▶ [EXERCISE DETAILS]
Transcribe the listing below word for word but skip its images.
[INFORMATION SUPPLIED]
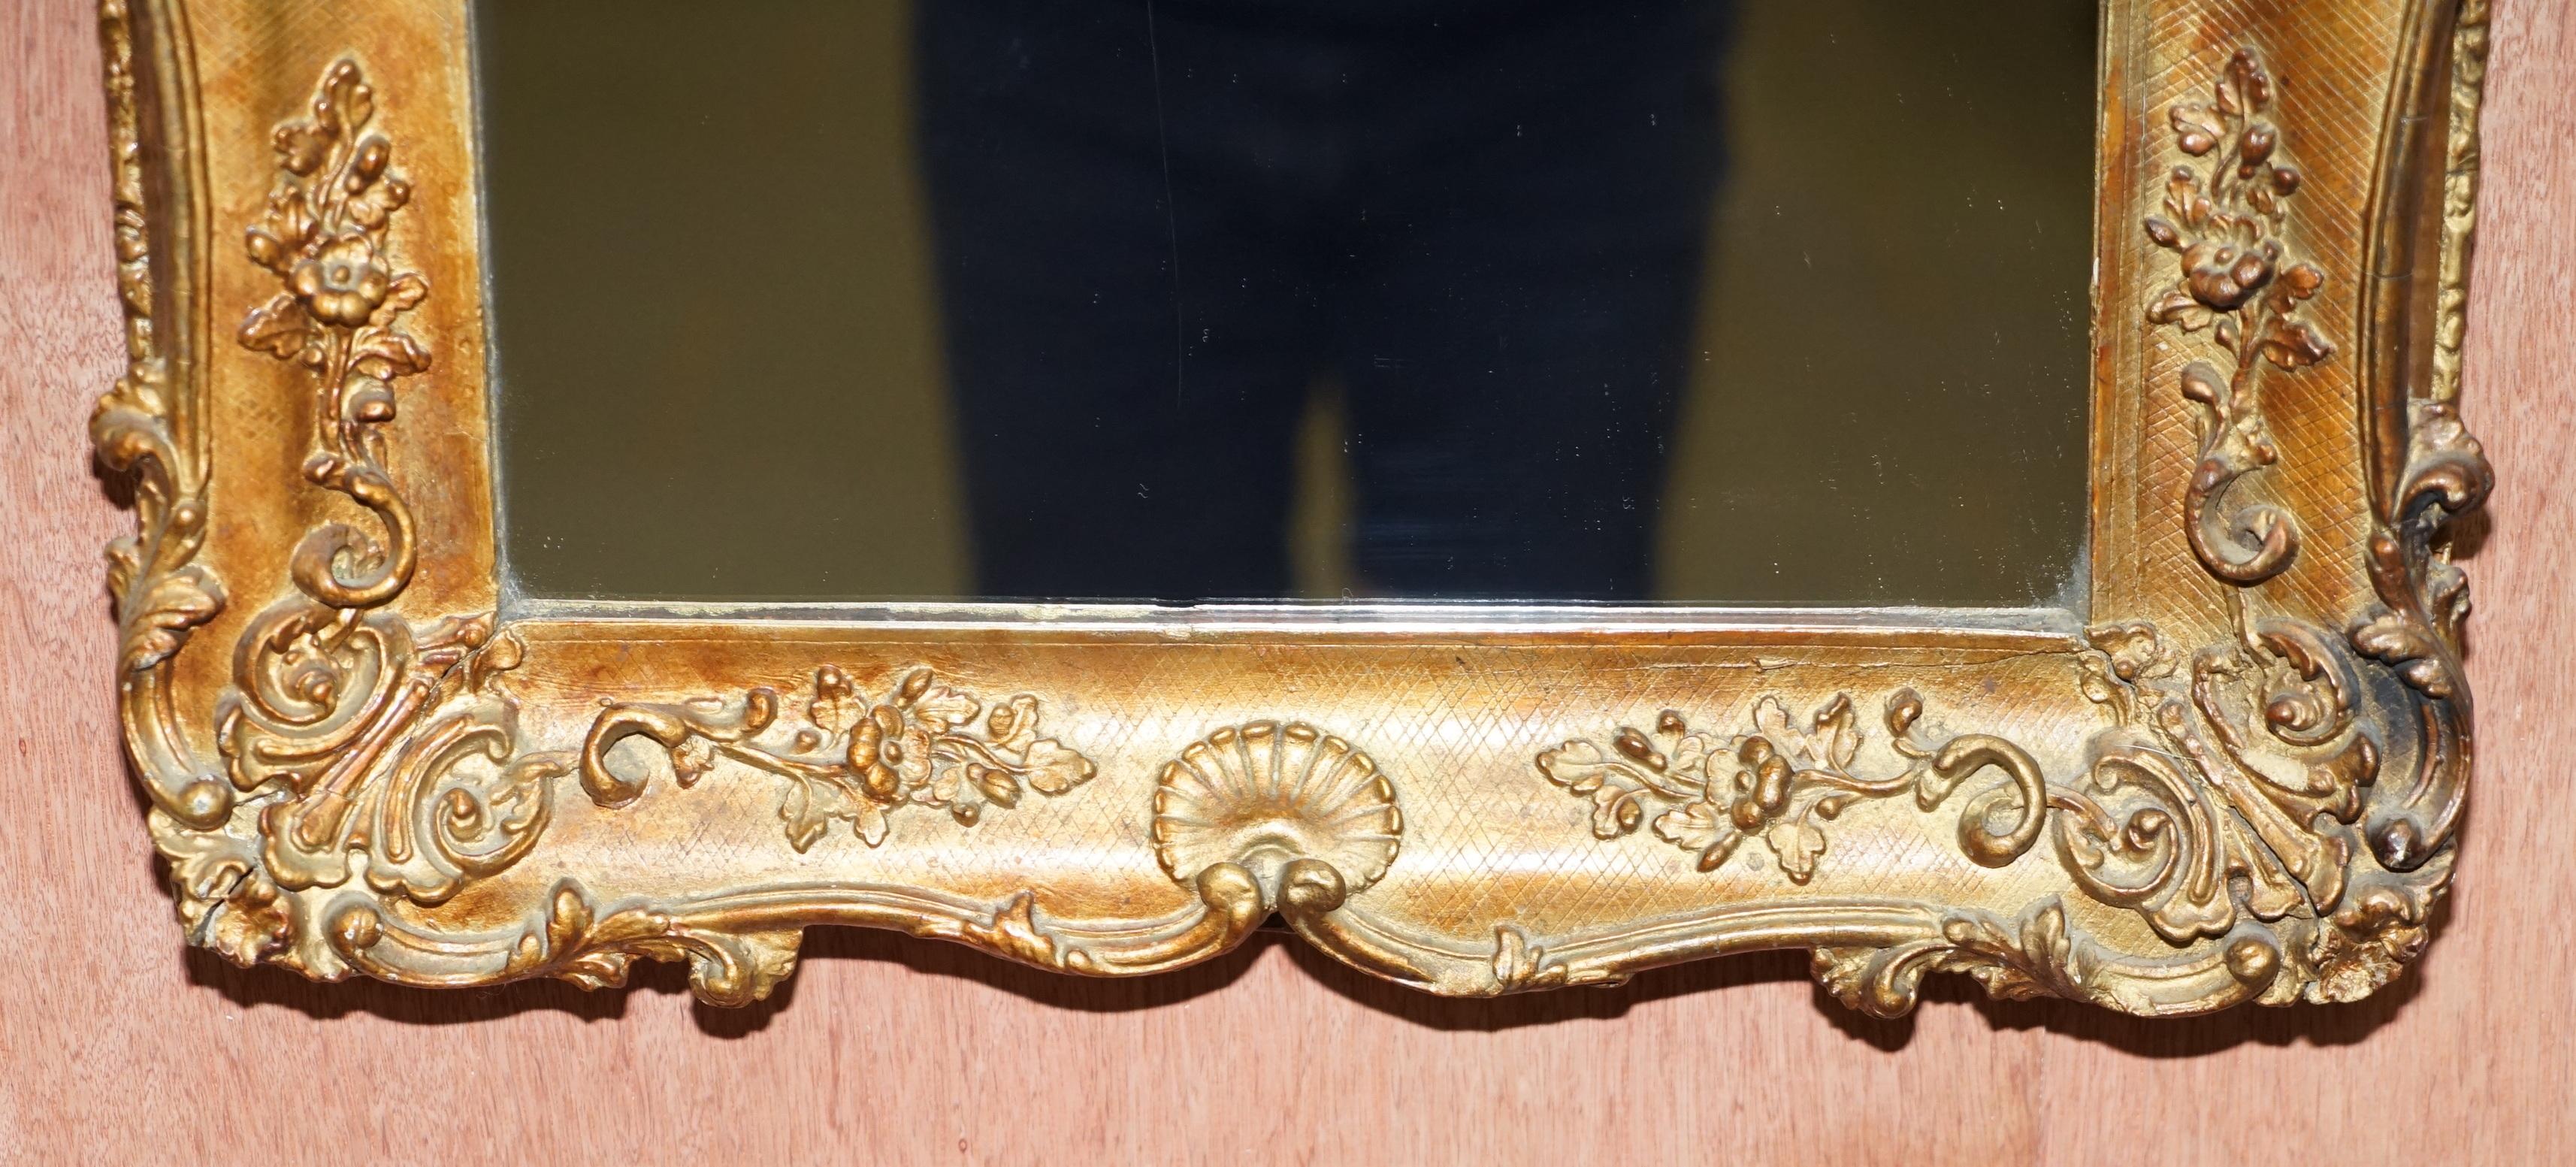 Wir freuen uns, diesen atemberaubenden, kunstvoll geschnitzten, vergoldeten und gerahmten französischen Spiegel (ca. 1880-1900) zum Verkauf anzubieten

Ein sehr gut aussehender und dekorativer Wandspiegel, eindeutig französisch, basierend auf den
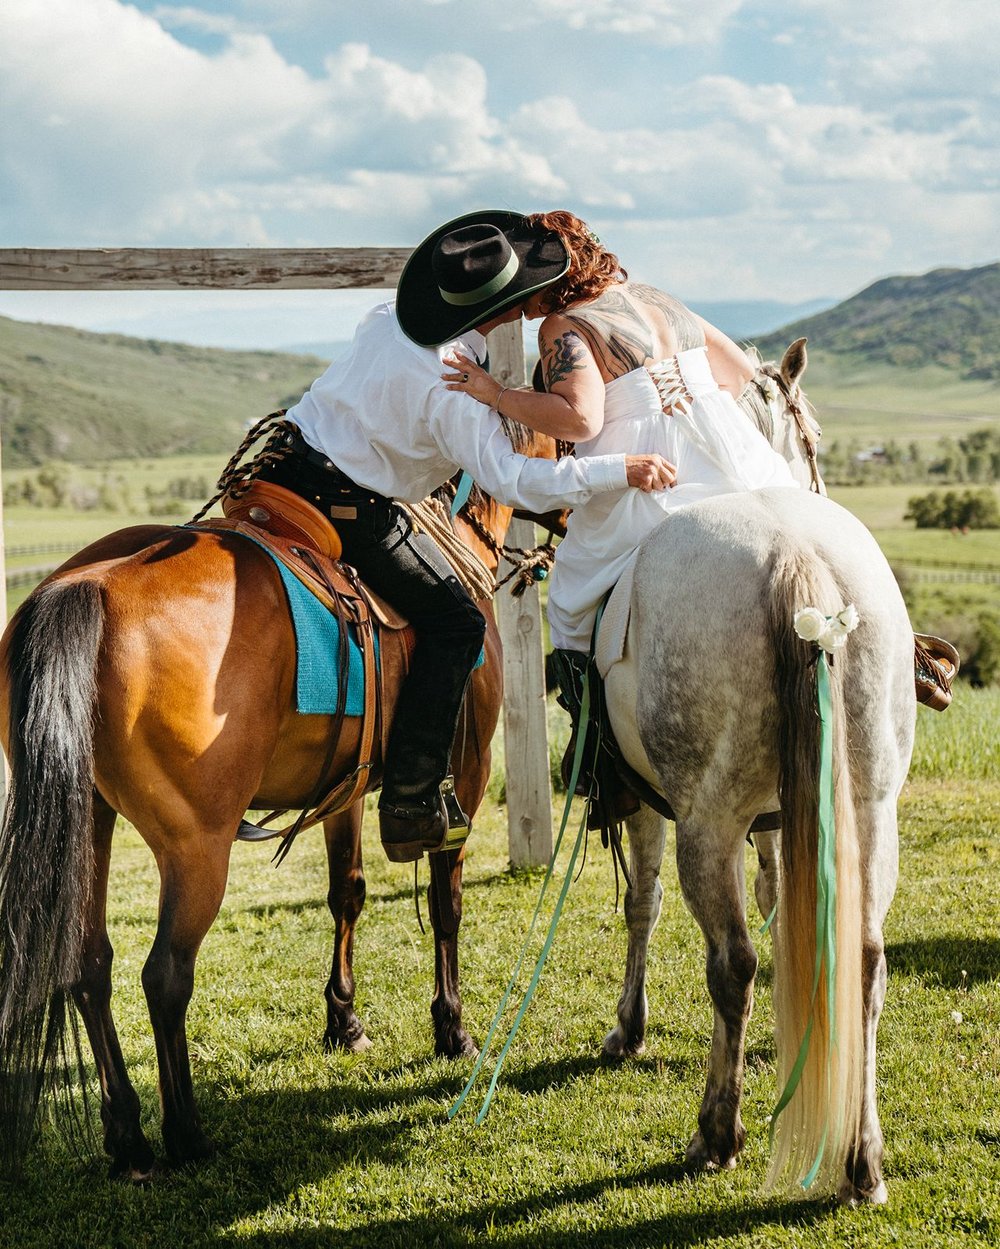 Couple kissing on horseback
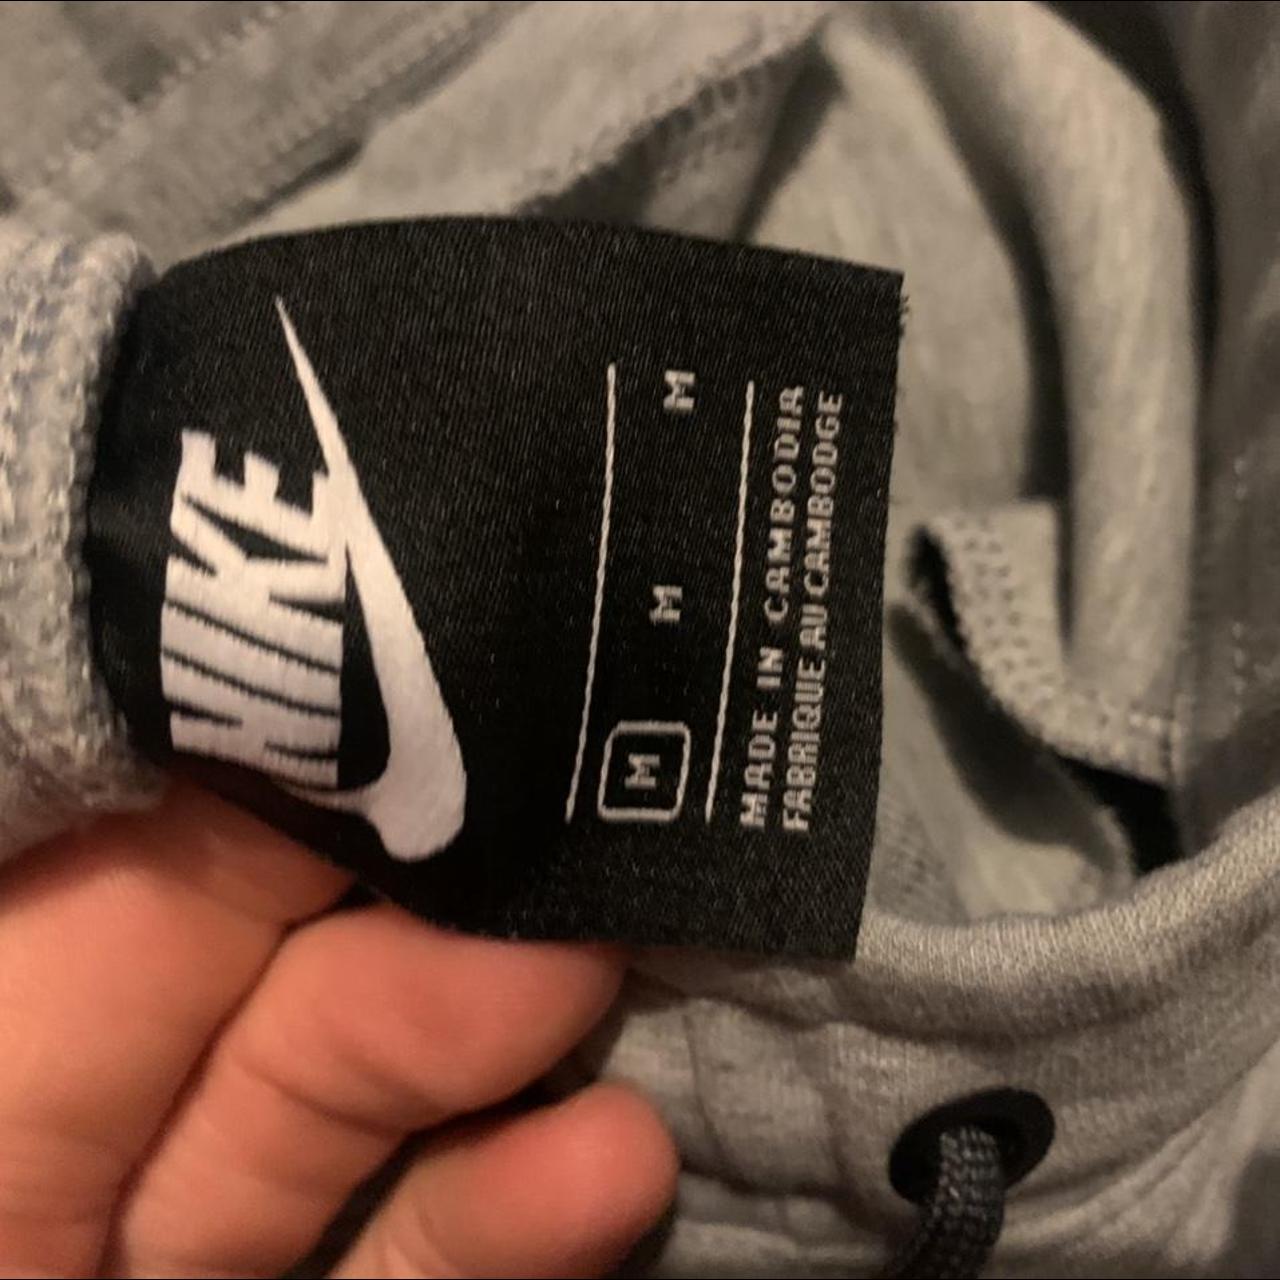 Men’s Nike tech fleece old season grey great... - Depop
[/INFORMATION SUPPLIED]
▶ [ANSWER SPACE]
 Wir freuen uns, diesen atemberaubenden, kunstvoll geschnitzten, vergoldeten und gerahmten französischen Spiegel (ca. 1880-1900) zum Verkauf anzubieten

Ein sehr gut aussehender und dekorativer Wandspiegel, eindeutig französisch, basierend auf den
 Couple kissing on horseback
 Men’s Nike tech fleece old season grey great... - Depop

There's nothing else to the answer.